How could he when he was promoting corruption and protecting the corrupt under his wings? Didn’t the CBSL bond scam take place when he was the Prime Minister? Who except him protected all those who bankrupted the Treasury and the economy so that he could win their support when needed to survive as President? But the fact that NPP straight away launched its anti-corruption campaign and governance reforms was welcomed by IMF and with that campaign the IMF agenda should produce better results than without it.
Yet, that alone is insufficient. Government needs extra resources to invest in and to rejuvenate the neglected local production sector particularly food production. IMF is not concerned about this. With food production turning into a gamble with climate in many poor countries there seems to be a hidden agenda among rich nations not unknown to IMF to convert those countries in Asia, Africa and Latin America into consumers of factory produced food by MNCs in rich nations.
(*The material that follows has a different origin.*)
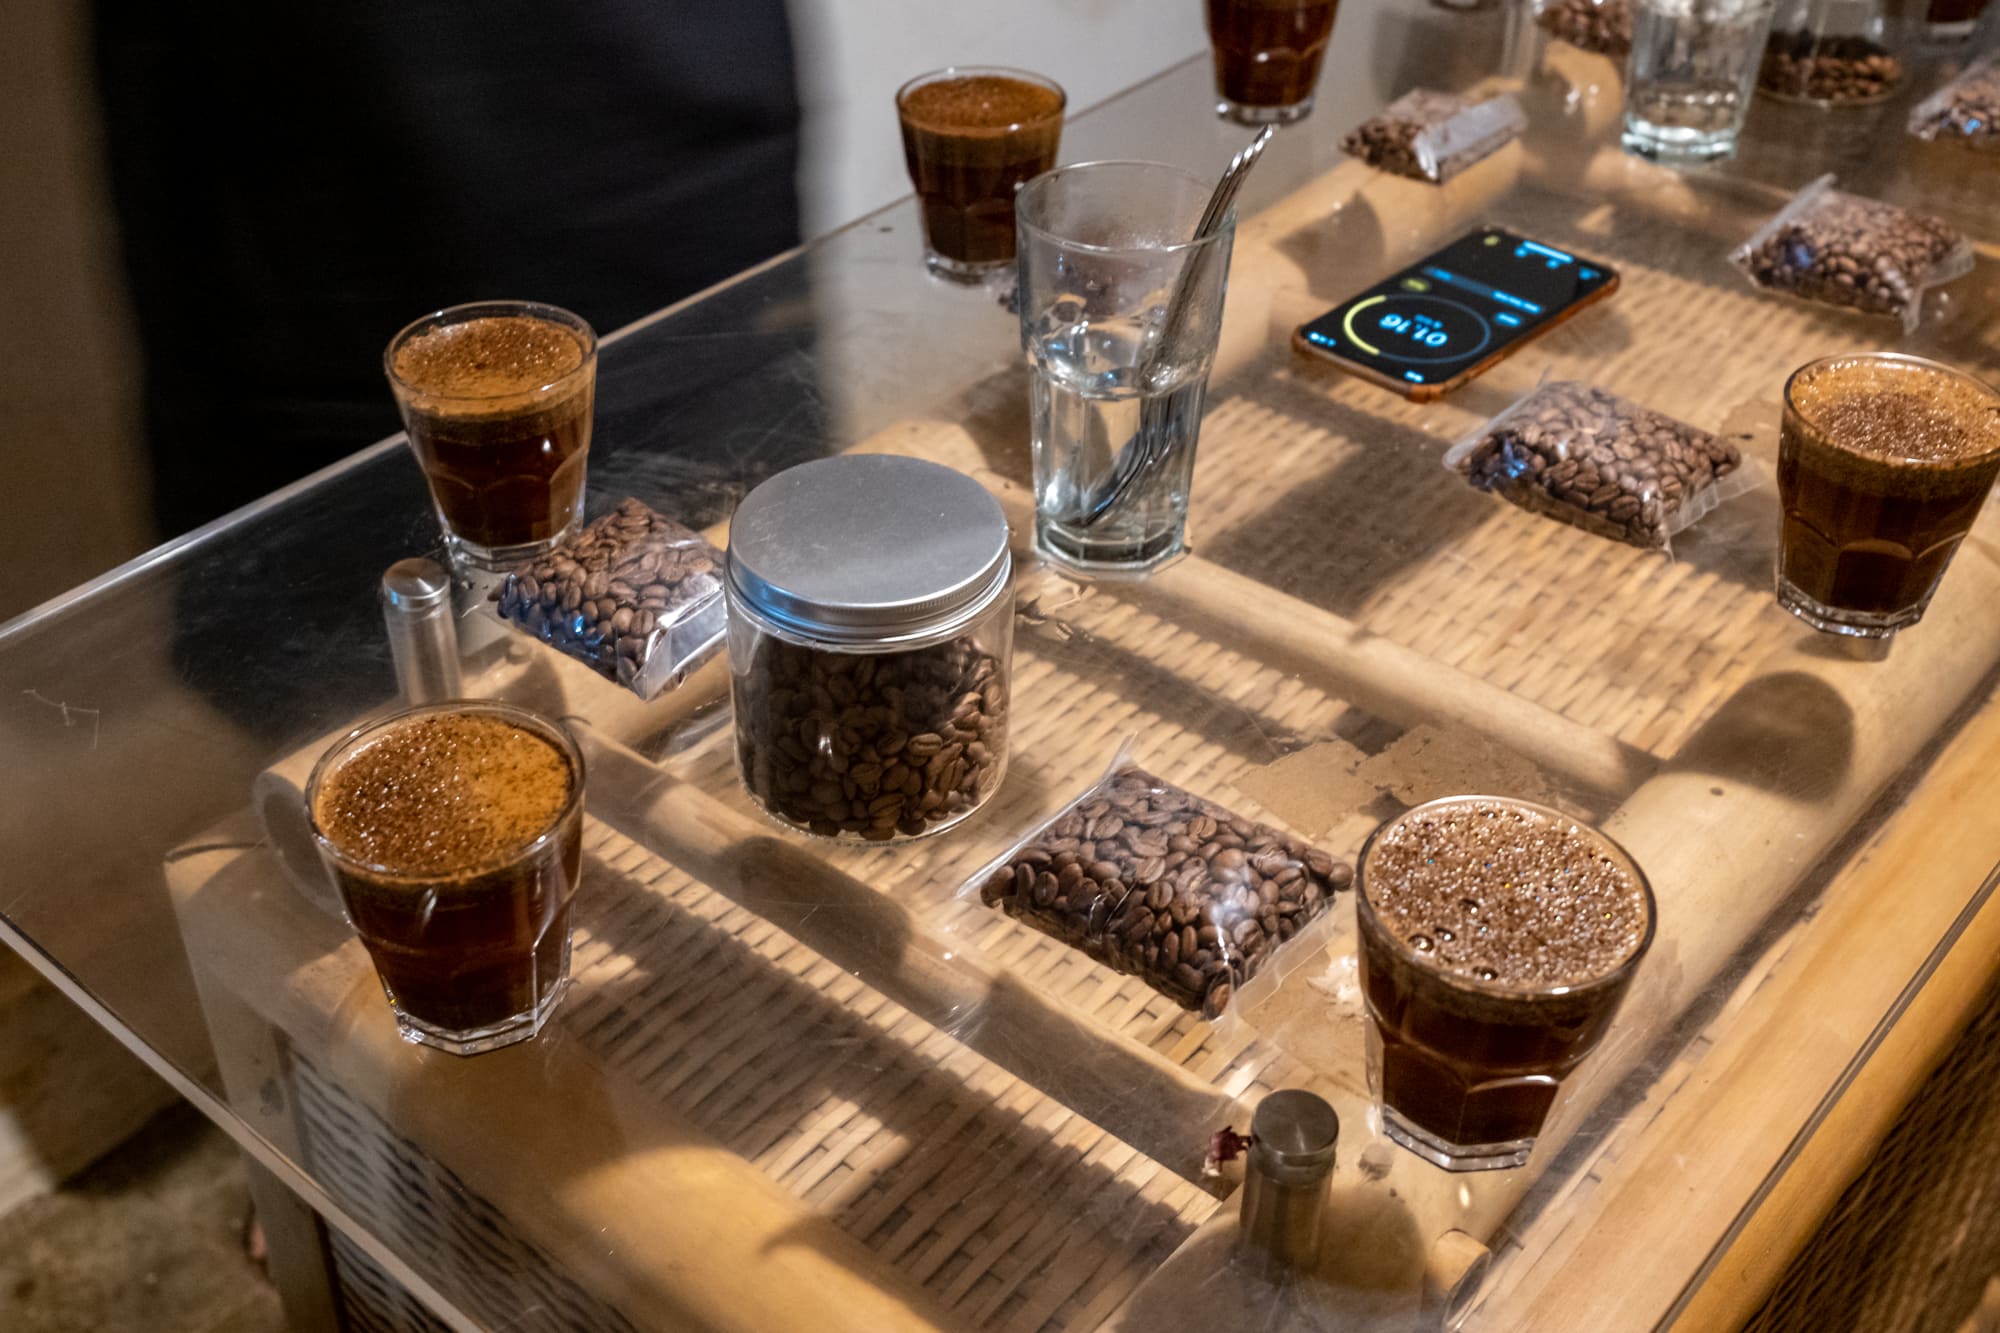 Cupping je ochutnávanie väčšieho množstva rôznych druhov kávy. Pražiari aj baristi „cuppujú“ pravidelne.

The agreement arrived few days ago at CoP29 in Baku, Azerbaijan to offer financial assistance of an annual sum of $ 300 billion for the next 10 years as compensation to poor nations for the environmental havoc caused by the four industrial revolutions and environmentally unfriendly scientific and technological advancement in rich countries was really an “insult” as some delegates from the poor nations called it.
This is why food security should become the primary target on NPP’s economic agenda. Why not encourage diaspora Sri Lankans to invest in this sector? The east and parts of the north in particular, could become a granary supplying the bulk of the nation’s victuals. But the ethnic disharmony fed by a racially determined system of land distribution in these provinces has prevented this becoming a reality. Absence of ethnic reconciliation which cripples the synergy from collective participation has therefore become the enemy of economic development. Will year 2025 under NPP put an end to this curse?
(The writer is attached to Business School, Murdoch University, W. Australia.)